Le aziende sottoposte a sequestro sono le seguenti: Lucauto s.r.l., Car Luca s.r.l., Terranova Immobiliare s.r.l., Immobilluca s.r.l., Luca Immobiliare S.r.l, Luca Costruzioni s.r.l., Mirto S.r.l. I provvedimenti sono stati emessi dal gip.
L’indagine, partita nel giugno del 2014 a seguito di alcune dichiarazioni di collaboratori di giustizia, riguarda i noti imprenditori gelesi della famiglia Luca, i quali, negli anni, hanno sviluppato cointeressenze economico-finanziarie con esponenti mafiosi del clan Rinzivillo.
Le indagini fotografano oltre un ventennio di contiguità mafiosa, nel corso del quale si è registrato un anomalo e consistente sviluppo delle imprese riconducibili ai suddetti soggetti realizzatosi proprio grazie ai rapporti con esponenti di rilievo di cosa nostra.
Gli accertamenti economico patrimoniali, infatti, hanno dimostrato che parte dei capitali provenienti dalle attività criminali della famiglia Rinzivillo sono stati investiti in modo organico e stabile nelle aziende della famiglia Luca, permettendo così una compenetrazione dell’economia mafiosa con quella legale.

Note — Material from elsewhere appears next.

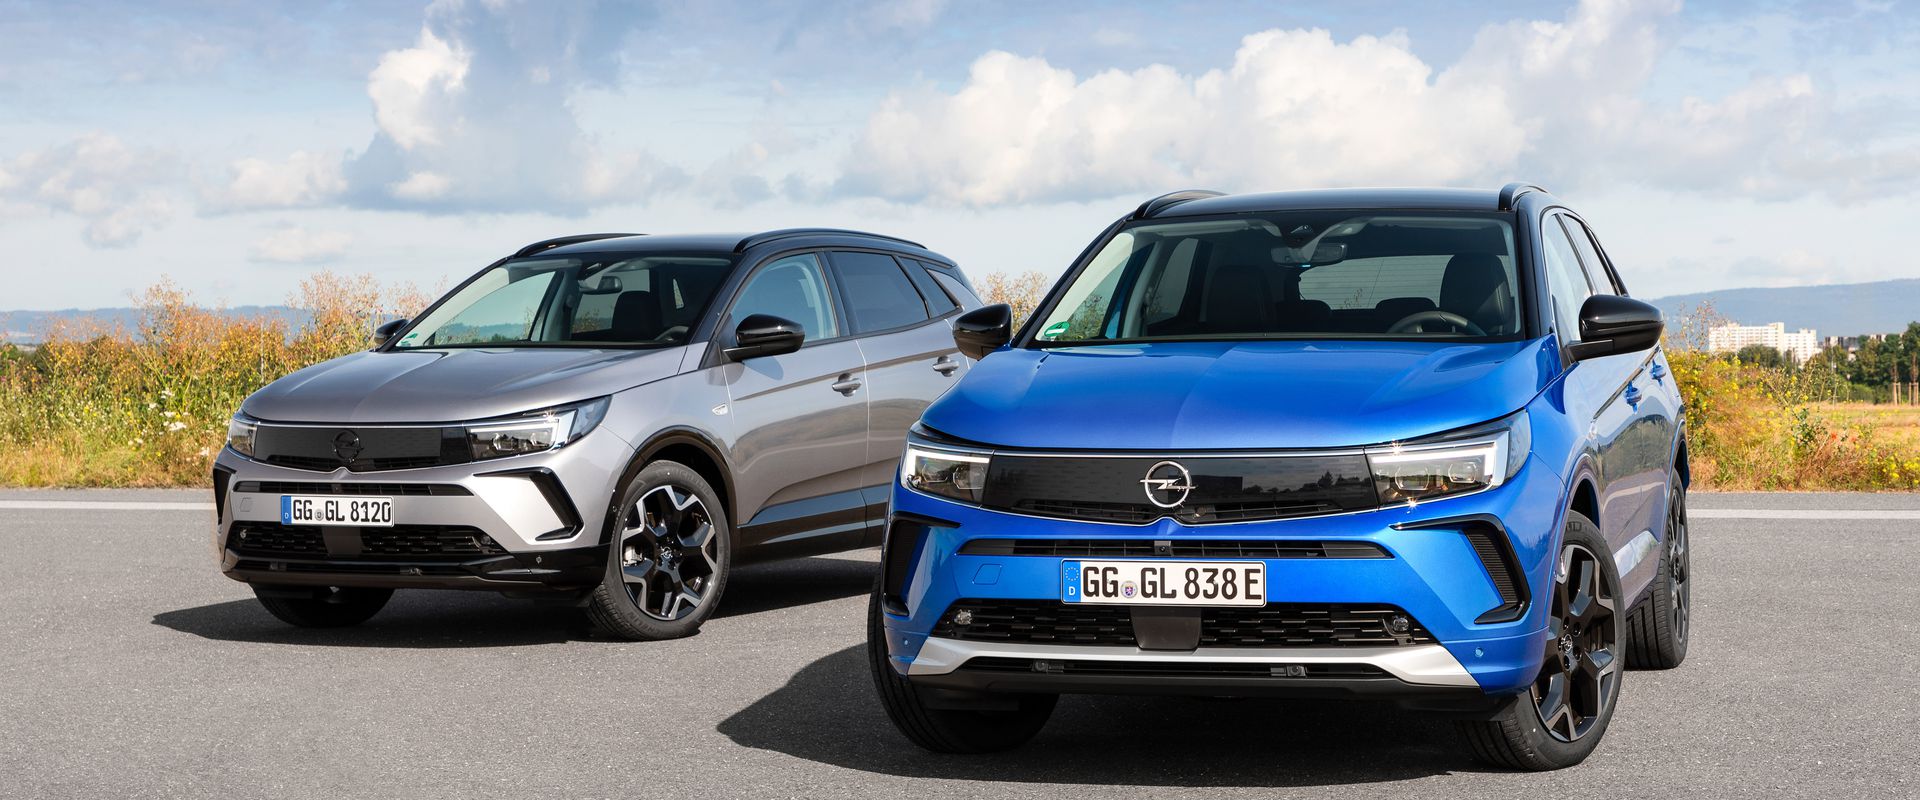 Új Opel Grandland: markáns megjelenés, high-tech megoldások, digitális Pure Panel műszerfal

Occorre premettere che i primi contatti tra la famiglia Rinzivillo e i Luca risalgono alla fine degli anni ’90, allorquando esponenti del suddetto clan mafioso gelese avevano iniziato a consegnare agli imprenditori somme provenienti da attività delittuose, nell’ordine di un miliardo di vecchie lire, da riciclare attraverso le aziende di famiglia. Grazie a tali affari si sono concretizzati, nel tempo, sproporzionati investimenti immobiliari e nel settore del commercio di autovetture, che hanno permesso ai citati imprenditori di affermarsi come importante gruppo economico.
I contatti dei Luca con la criminalità organizzata negli anni si sono anche estesi ad alcune famiglie mafiose di Catania, quali i Mazzei (detti i Carcagnusi), i Carateddi ed i Santapaola.

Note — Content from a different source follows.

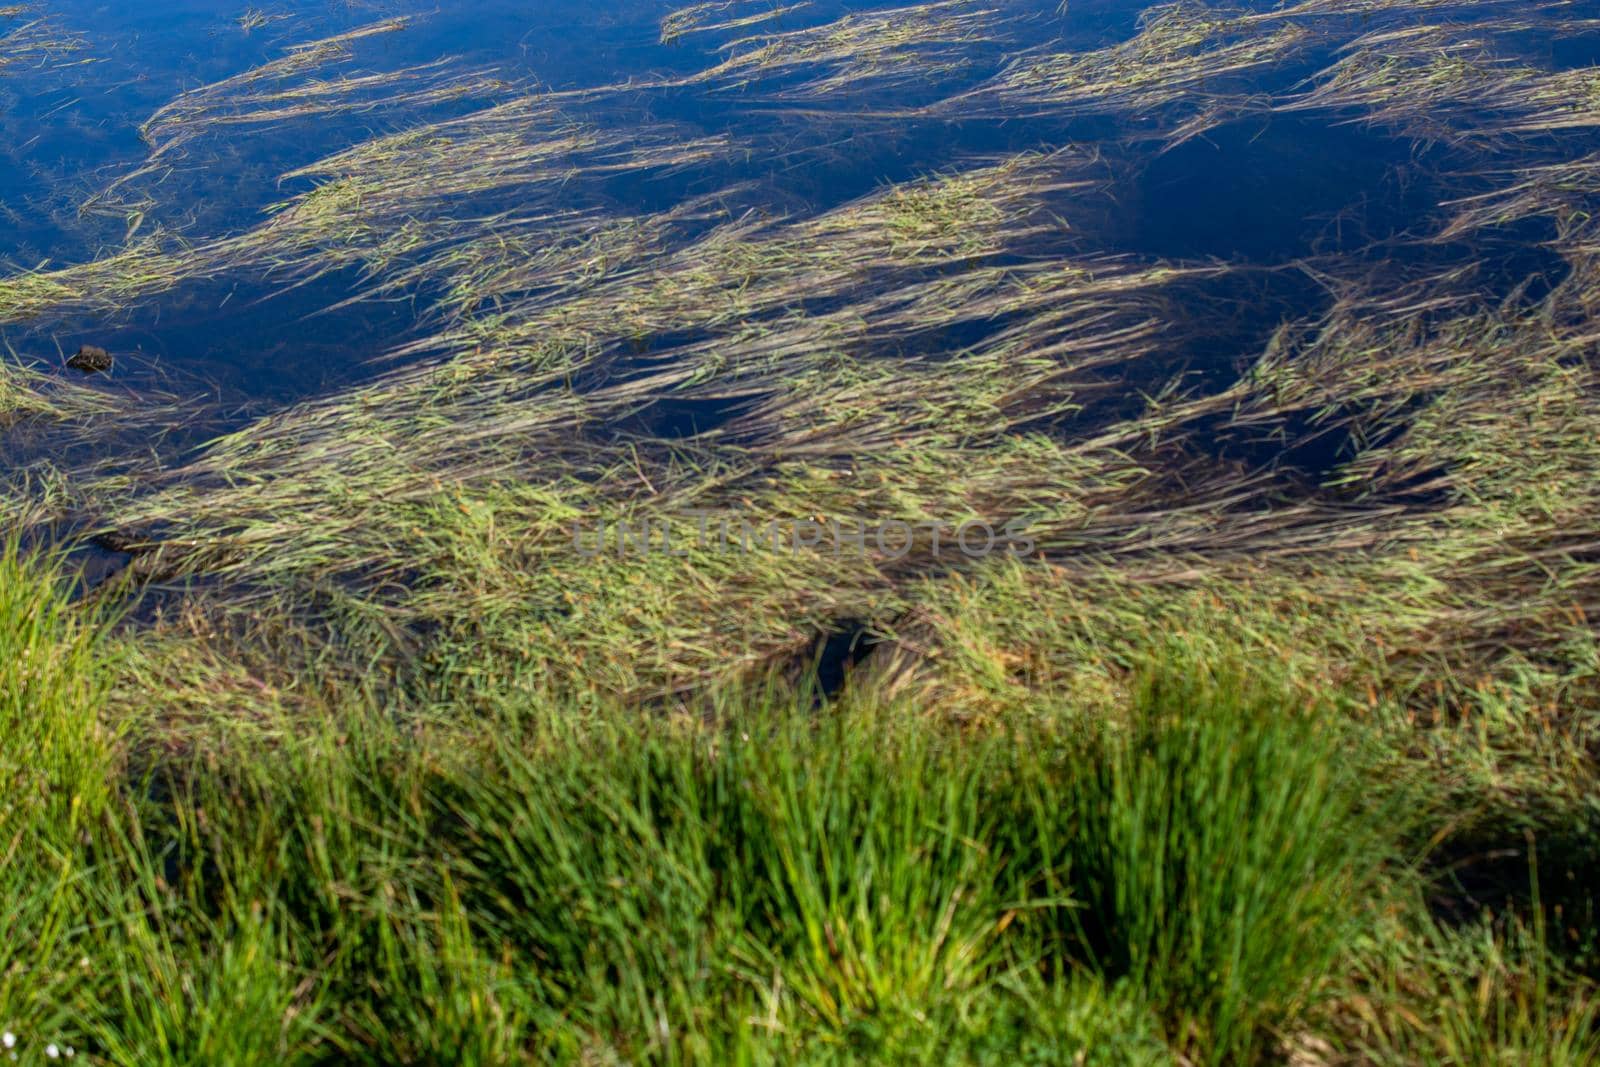 Wild grass by the pond on highland  in Artvin in Turkey

Gli accertamenti bancari, eseguiti dal Gico di Caltanissetta nei confronti di tutti i componenti della famiglia Luca, hanno inoltre dimostrato plurime condotte di riciclaggio, riscontrando positivamente quanto emerso dalle fonti dichiarative. Significativi in tal senso alcuni indici sintomatici dell’attività di riciclaggio quali apporti anomali di denaro sui conti aziendali metodologia tipica del money laundering; operazioni finanziarie realizzate dopo svariate movimentazioni tra i numerosi rapporti bancari intestati alle persone fisiche e giuridiche rientranti nella sfera della famiglia Luca, al fine di ostacolarne l’identificazione delle relative provviste.
Le indagini hanno poi evidenziato che il “riciclaggio” di denaro è stato realizzato anche mediante l’acquisto, da parte dell’organizzazione criminale, di “scontrini vincenti” del gioco del lotto, così da ottenere fonti reddituali ufficiali e “pulite”.
I Luca hanno, pertanto, diversificato nel tempo le loro attività di riciclaggio, ricorrendo a più canali, tra cui, oltre a quelli già citati, anche l’investimento in “beni rifugio”, quali opere d’arte, cavalli, polizze vita e titoli di stato sottoscritti, tra l’altro, da prestanome per importi consistenti e sproporzionati rispetto al profilo reddituale dell’intestatario dell’investimento.
Nell’ambito delle indagini è emersa, altresì, la figura di un Primo Dirigente della Polizia di Stato, all’epoca dei fatti in servizio a Gela e successivamente a Caltanissetta e ad Agrigento, indagato nell’ambito del presente procedimento per corruzione, accesso abusivo a sistemi informatici in uso alla polizia e rivelazione di segreto d’ufficio.